=== DATA FOR REVIEW ===

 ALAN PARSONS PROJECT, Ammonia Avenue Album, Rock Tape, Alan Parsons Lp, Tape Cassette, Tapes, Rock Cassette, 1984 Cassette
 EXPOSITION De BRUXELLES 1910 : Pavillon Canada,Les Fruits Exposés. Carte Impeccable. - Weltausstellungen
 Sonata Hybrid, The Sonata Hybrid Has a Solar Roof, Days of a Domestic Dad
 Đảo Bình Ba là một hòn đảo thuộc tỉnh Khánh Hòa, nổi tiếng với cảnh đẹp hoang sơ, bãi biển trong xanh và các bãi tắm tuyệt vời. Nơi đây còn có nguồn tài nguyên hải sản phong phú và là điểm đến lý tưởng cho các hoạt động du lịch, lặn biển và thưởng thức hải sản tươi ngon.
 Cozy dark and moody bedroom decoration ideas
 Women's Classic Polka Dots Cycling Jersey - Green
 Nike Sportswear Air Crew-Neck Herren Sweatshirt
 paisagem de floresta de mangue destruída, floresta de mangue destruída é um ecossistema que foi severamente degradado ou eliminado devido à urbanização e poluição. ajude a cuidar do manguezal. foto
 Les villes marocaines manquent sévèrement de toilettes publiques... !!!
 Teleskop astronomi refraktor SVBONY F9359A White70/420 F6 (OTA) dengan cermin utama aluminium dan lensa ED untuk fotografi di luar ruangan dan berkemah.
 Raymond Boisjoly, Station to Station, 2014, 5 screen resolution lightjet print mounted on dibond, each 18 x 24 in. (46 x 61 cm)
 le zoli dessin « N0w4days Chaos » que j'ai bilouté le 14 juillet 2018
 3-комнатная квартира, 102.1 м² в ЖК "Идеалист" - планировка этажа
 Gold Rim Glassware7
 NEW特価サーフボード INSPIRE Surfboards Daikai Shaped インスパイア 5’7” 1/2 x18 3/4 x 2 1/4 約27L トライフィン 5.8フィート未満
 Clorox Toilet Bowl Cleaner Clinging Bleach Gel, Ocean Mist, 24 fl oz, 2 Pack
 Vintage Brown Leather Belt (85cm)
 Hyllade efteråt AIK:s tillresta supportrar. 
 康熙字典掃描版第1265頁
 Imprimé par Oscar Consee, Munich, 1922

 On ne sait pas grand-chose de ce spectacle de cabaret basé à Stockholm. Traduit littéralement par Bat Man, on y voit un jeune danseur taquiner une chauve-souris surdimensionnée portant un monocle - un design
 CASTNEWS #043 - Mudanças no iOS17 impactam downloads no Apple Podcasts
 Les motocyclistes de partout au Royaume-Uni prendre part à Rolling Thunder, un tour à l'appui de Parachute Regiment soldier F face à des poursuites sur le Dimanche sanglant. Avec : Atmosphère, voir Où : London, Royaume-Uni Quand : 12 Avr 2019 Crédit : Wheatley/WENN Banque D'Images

===

EXERCISE PROMPT
Without leaving anything out, repeat every entry shown above.

RESULT FOR THIS EXERCISE
 ALAN PARSONS PROJECT, Ammonia Avenue Album, Rock Tape, Alan Parsons Lp, Tape Cassette, Tapes, Rock Cassette, 1984 Cassette
 EXPOSITION De BRUXELLES 1910 : Pavillon Canada,Les Fruits Exposés. Carte Impeccable. - Weltausstellungen
 Sonata Hybrid, The Sonata Hybrid Has a Solar Roof, Days of a Domestic Dad
 Đảo Bình Ba là một hòn đảo thuộc tỉnh Khánh Hòa, nổi tiếng với cảnh đẹp hoang sơ, bãi biển trong xanh và các bãi tắm tuyệt vời. Nơi đây còn có nguồn tài nguyên hải sản phong phú và là điểm đến lý tưởng cho các hoạt động du lịch, lặn biển và thưởng thức hải sản tươi ngon.
 Cozy dark and moody bedroom decoration ideas
 Women's Classic Polka Dots Cycling Jersey - Green
 Nike Sportswear Air Crew-Neck Herren Sweatshirt
 paisagem de floresta de mangue destruída, floresta de mangue destruída é um ecossistema que foi severamente degradado ou eliminado devido à urbanização e poluição. ajude a cuidar do manguezal. foto
 Les villes marocaines manquent sévèrement de toilettes publiques... !!!
 Teleskop astronomi refraktor SVBONY F9359A White70/420 F6 (OTA) dengan cermin utama aluminium dan lensa ED untuk fotografi di luar ruangan dan berkemah.
 Raymond Boisjoly, Station to Station, 2014, 5 screen resolution lightjet print mounted on dibond, each 18 x 24 in. (46 x 61 cm)
 le zoli dessin « N0w4days Chaos » que j'ai bilouté le 14 juillet 2018
 3-комнатная квартира, 102.1 м² в ЖК "Идеалист" - планировка этажа
 Gold Rim Glassware7
 NEW特価サーフボード INSPIRE Surfboards Daikai Shaped インスパイア 5’7” 1/2 x18 3/4 x 2 1/4 約27L トライフィン 5.8フィート未満
 Clorox Toilet Bowl Cleaner Clinging Bleach Gel, Ocean Mist, 24 fl oz, 2 Pack
 Vintage Brown Leather Belt (85cm)
 Hyllade efteråt AIK:s tillresta supportrar. 
 康熙字典掃描版第1265頁
 Imprimé par Oscar Consee, Munich, 1922

 On ne sait pas grand-chose de ce spectacle de cabaret basé à Stockholm. Traduit littéralement par Bat Man, on y voit un jeune danseur taquiner une chauve-souris surdimensionnée portant un monocle - un design
 CASTNEWS #043 - Mudanças no iOS17 impactam downloads no Apple Podcasts
 Les motocyclistes de partout au Royaume-Uni prendre part à Rolling Thunder, un tour à l'appui de Parachute Regiment soldier F face à des poursuites sur le Dimanche sanglant. Avec : Atmosphère, voir Où : London, Royaume-Uni Quand : 12 Avr 2019 Crédit : Wheatley/WENN Banque D'Images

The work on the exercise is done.